James Baker served three U.S. presidents. He was both chief of staff and a cabinet member for both Ronald Reagan and George H.W. Bush. And in all his years in presidential politics, 2016 is new to him.

"I've never seen the anger that we see out there today on the part of the electorate," he told Eyewitness News. "They're not only angry, they're anxious. And not only anxious about ISIS, but they're angry that their government hasn't worked."

Baker said sees that anger on both sides from Republicans and Democrats. He reminded us that in 1976, when Ronald Reagan challenged a sitting U.S. President in Gerald Ford, he too was anti-establishment and seen as a shoot-from-the-hip cowboy. He says the establishment should let it play out as they did back then.
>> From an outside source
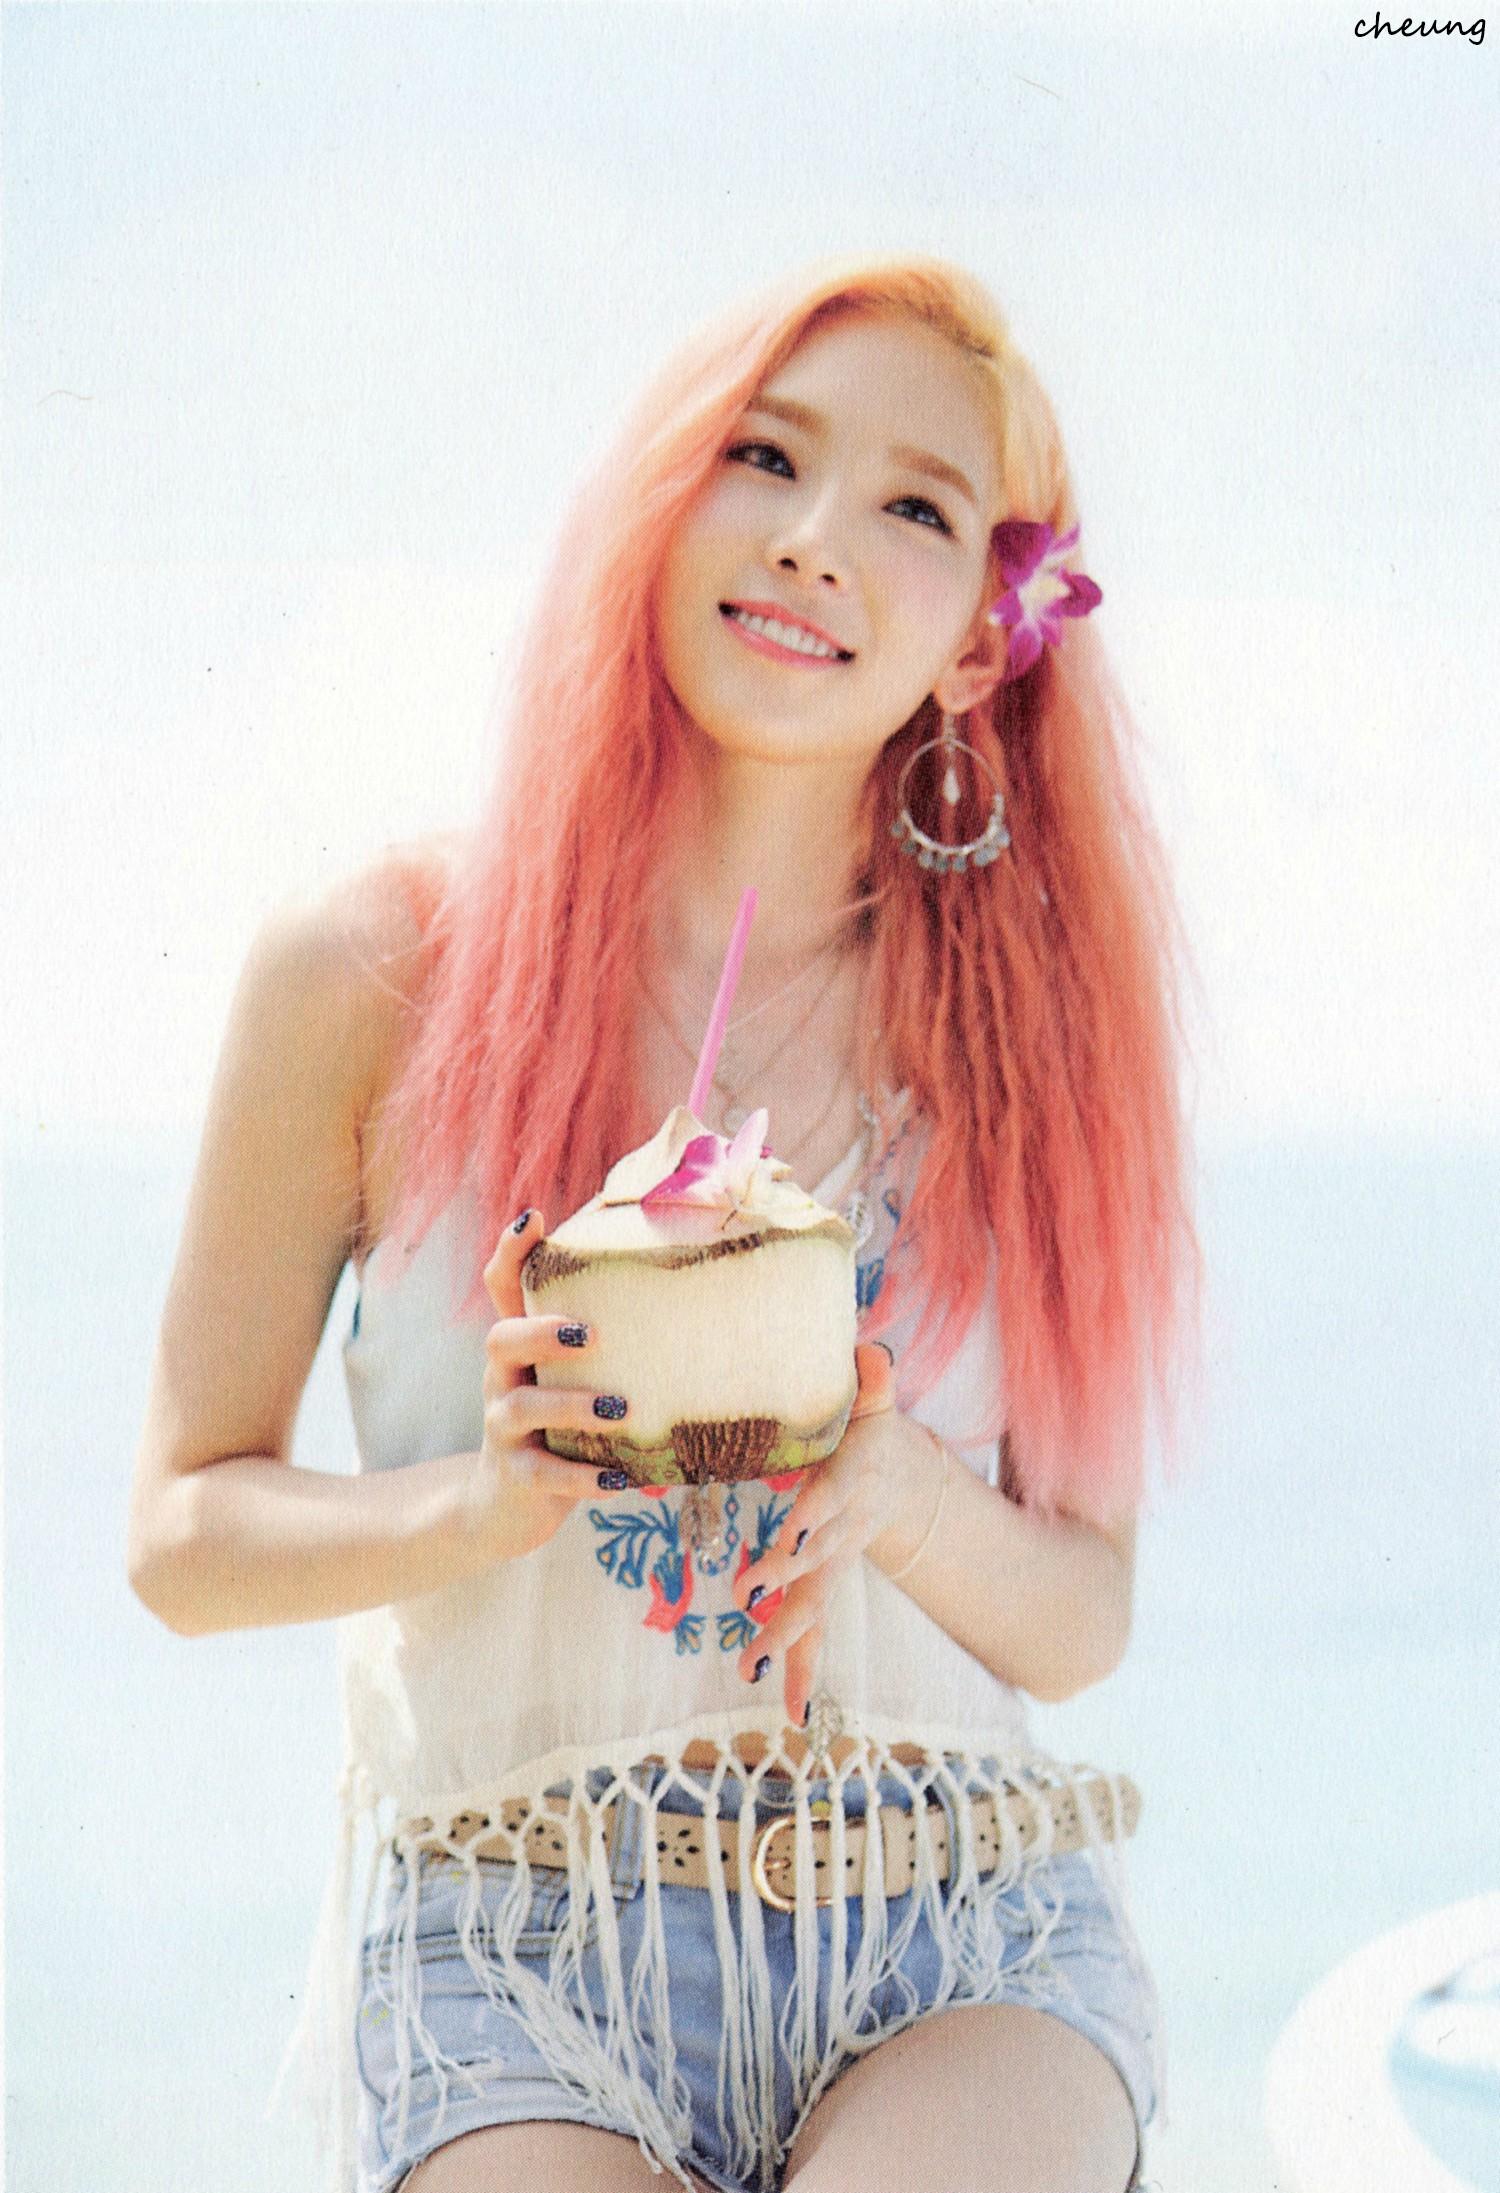 Girls Generation Tiffany Wallpaper Taeyeon Snsd Images Kim Taeyeon Party 2015 Hd Wallpaper

"We followed the inclination of the voters," he said. "That's what democracy is all about. I think that's what we do. We look at where the voters are. I'm not one who thinks it ought to be dictated from up above."

That said, when he looks at the Republican field, he's not comparing Reagan to any of the remaining candidates. But he finds a familiarity between today and 40 years ago.

"There are big differences between what is happening today and what happened back there in 1980, 1976 and 1980," he said. "But there are also similarities. You had a challenge from the grassroots to the order, to the established order. You're seeing a lot of that today."

As for the current delegate counts, on the Democratic side, Hillary Clinton has a total of 1,130 delegates, compared to 499 for Bernie Sanders. A candidate needs 2,383 delegates to win the Democratic nomination. On the Republican side, Donald Trump continues to lead in the delegate count with 384. Sen. Ted Cruz has 300 and Marco Rubio is in third place with 151. A candidate needs 1,237 delegates to clinch the Republican nomination.